What's ahead for Ryan Ferguson's case?
What an amazing year! After covering the case of Ryan Ferguson
for more than eight years, reporting on appeal after appeal, who would have guessed
that 2013 would be the year that the Western District Appellate Court in
Missouri would agree to hear the case and overturn Ferguson's murder and robbery convictions?
Ferguson's release in November was all a reporter could ask for: a "made for television" moment when Ferguson took the stage in a Columbia, Missouri hotel, alongside his family and attorney, Kathleen Zellner, and spoke so eloquently about how it 'takes an army' to get justice.

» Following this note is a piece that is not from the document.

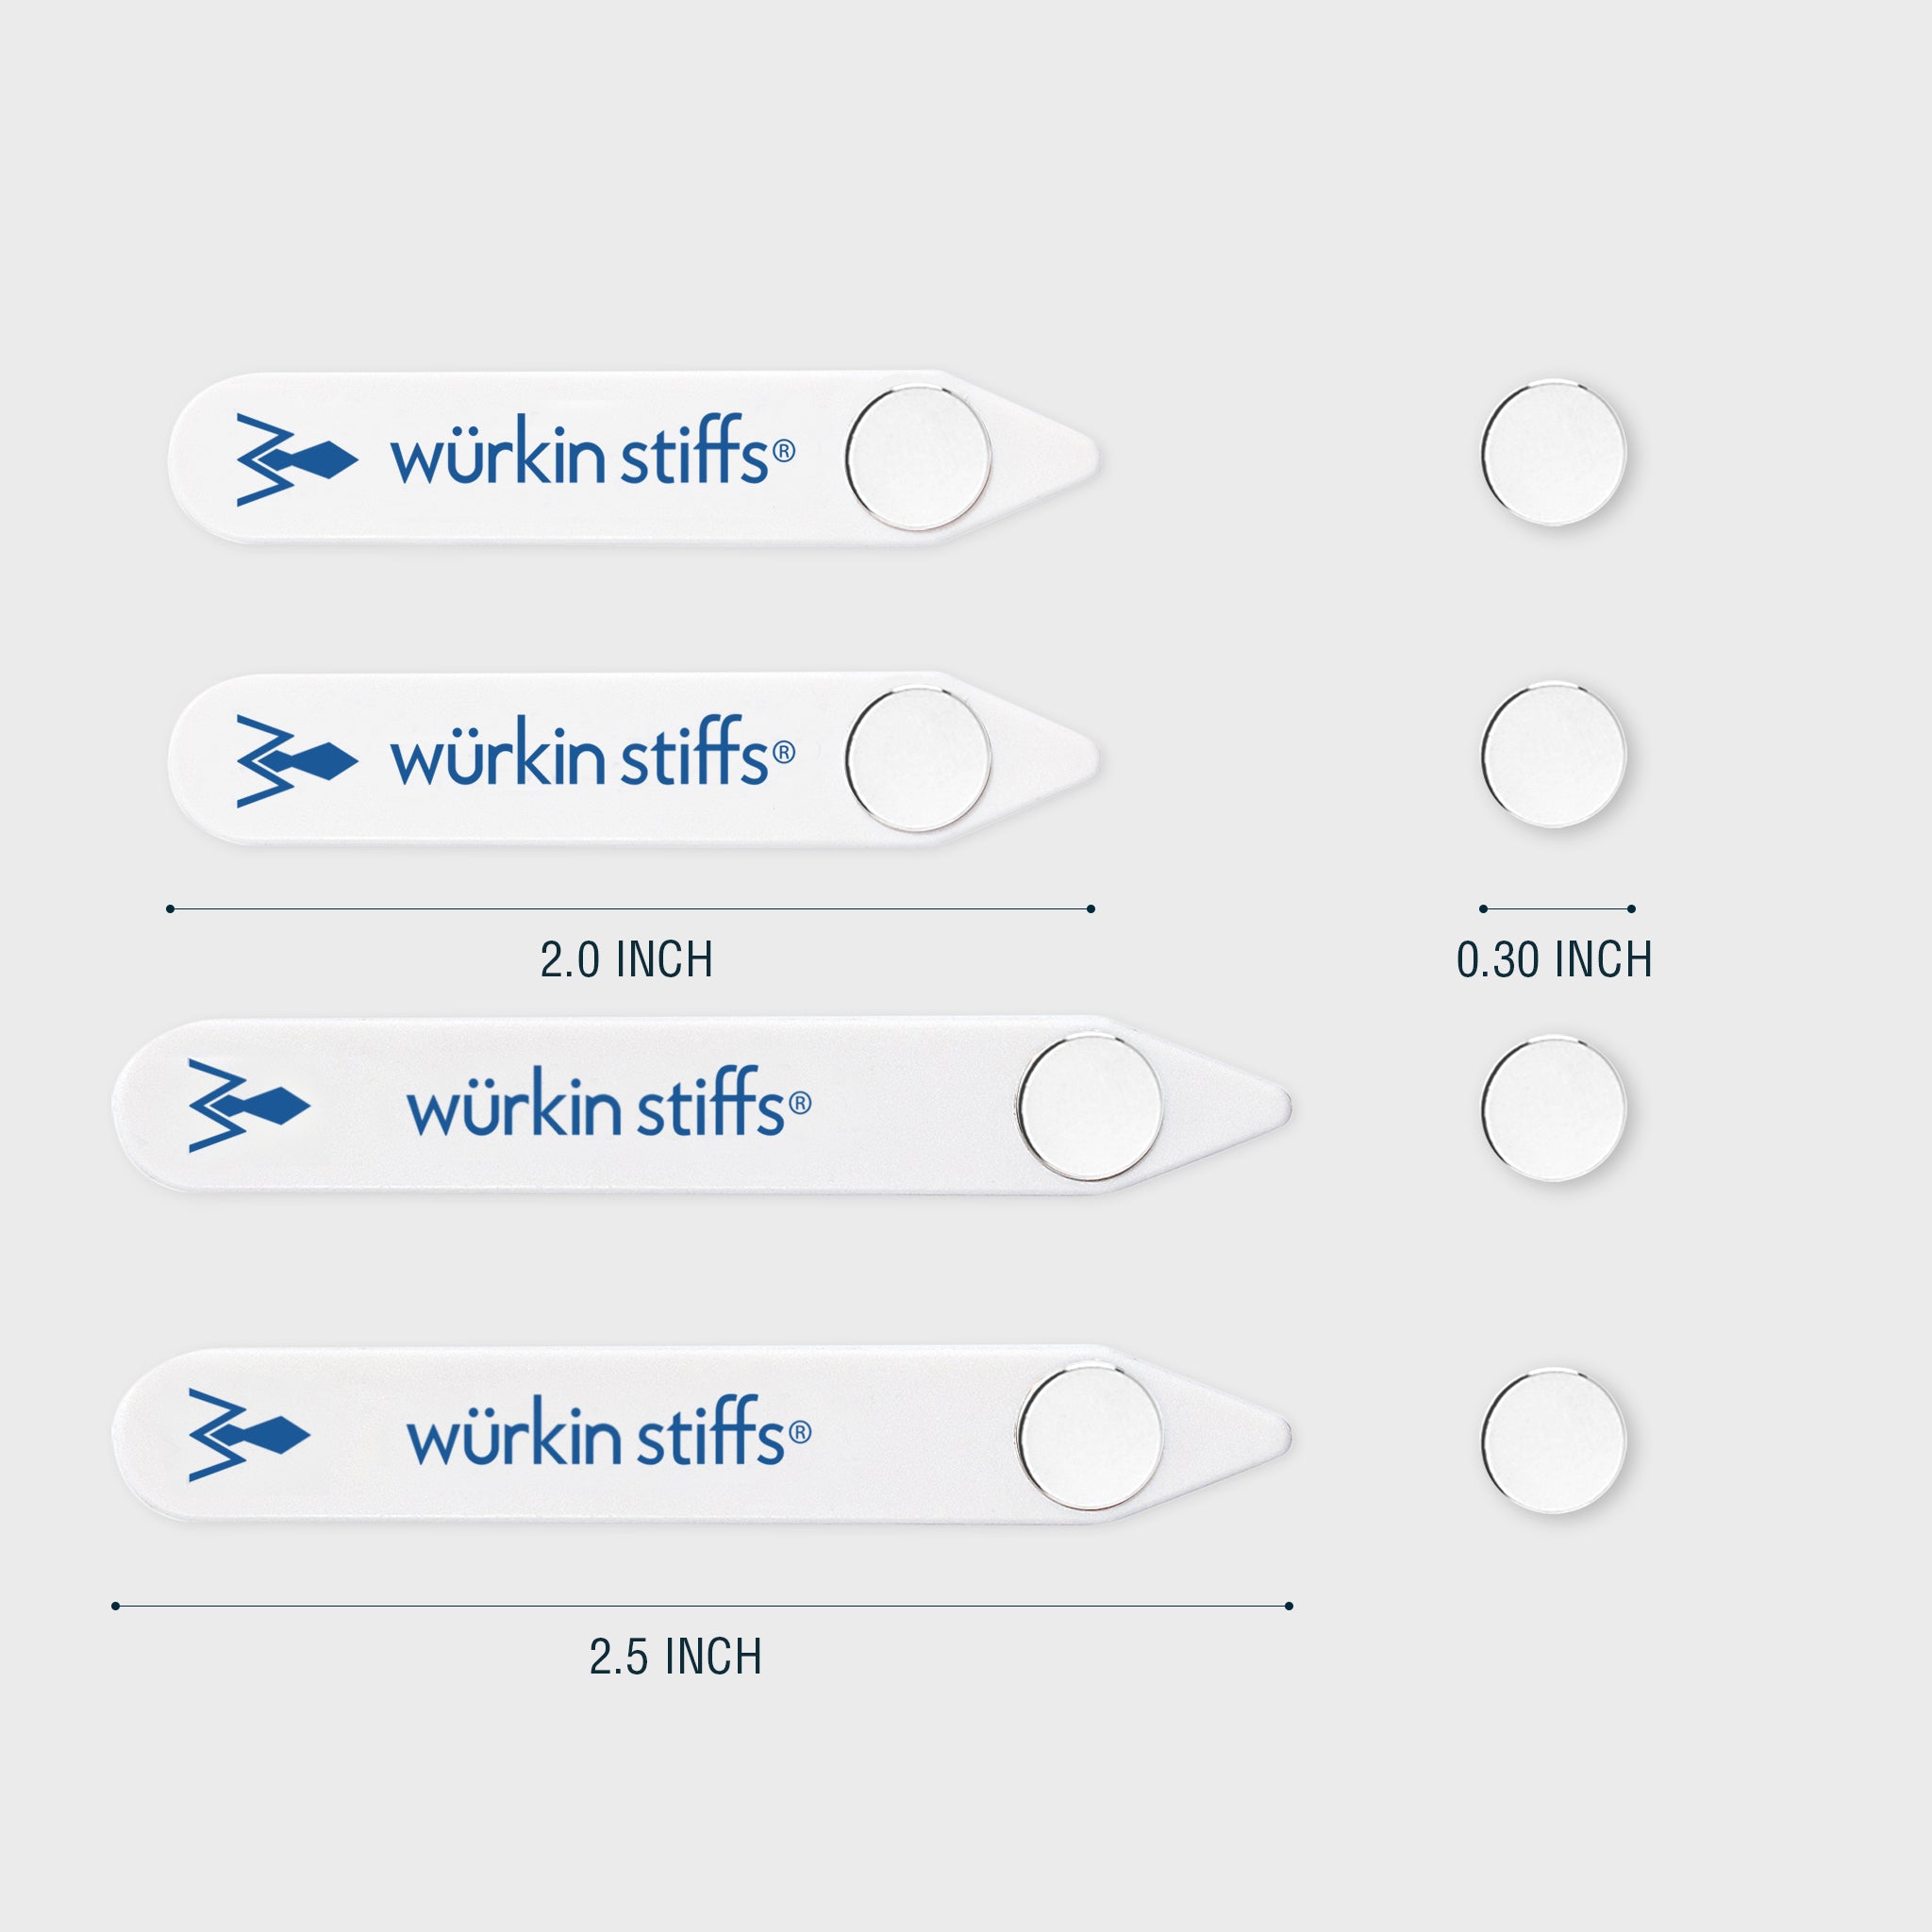 Wurkin Stiffs - Stiff-N-Stays Plastic Magnetic Collar Stays

PHOTOS: Ryan Ferguson released from prison
READ: Ryan Ferguson's fight for freedom
Today, Ferguson is in Florida, trying to catch up on the life he missed, but the case is not over.
Two major questions remain and they are closely connected: who
killed the Columbia Daily Tribune sports editor Kent Heitholt? And what happens
to Ferguson's main accuser, Charles Erickson, now?
Heitholt's murder can be solved. There isn't any physical evidence to tie Ferguson to the crime, but there IS evidence: a bloody palm print. A thumbprint. Bloody shoe prints. The police can determine who killed Heitholt, but will they? How can authorities seriously re-investigate Heitholt's murder as long as Charles Erickson remains in prison for the crime? The fact remains that none of the physical evidence matches Erickson either. The only thing that ties him to the murder is his confession, which he has recanted under oath.
Whenever my producer, Gail Zimmerman and I talk about Charles Erickson, she often begins with this one simple question: where were the adults when Erickson was first investigated?
He was a 19-year-old troubled drug and alcohol abuser in 2004 when police interrogated him about Heitholt's murder, more than two years after the crime. Raised as we all were to trust cops, he thought they would try to get to the bottom of things...look at the evidence and see if it matched him. That didn't happen. Instead, the investigators made his story fit a crime they wanted badly to solve, telling him details that he appeared not to know.
And what about the Boone County District Attorney at the time, Kevin Crane? Another adult who, according to the Appellate Court, was so determined to win his case that he concealed evidence from the defense.
And then there is Charles Erickson's own lawyer. He saw the police video. He knew there was no physical evidence to tie either Erickson or Ryan Ferguson to the brutal murder. Did he investigate thoroughly before he allowed his client to take a deal?
Where were the adults? And where are they now? Why aren't these responsible community leaders willing to take another look so that Kent Heitholt's killer can be found and prosecuted?
Those are the questions CBS News 48 Hours will pursue in the
coming year. Maybe 2014 will be another amazing year for justice.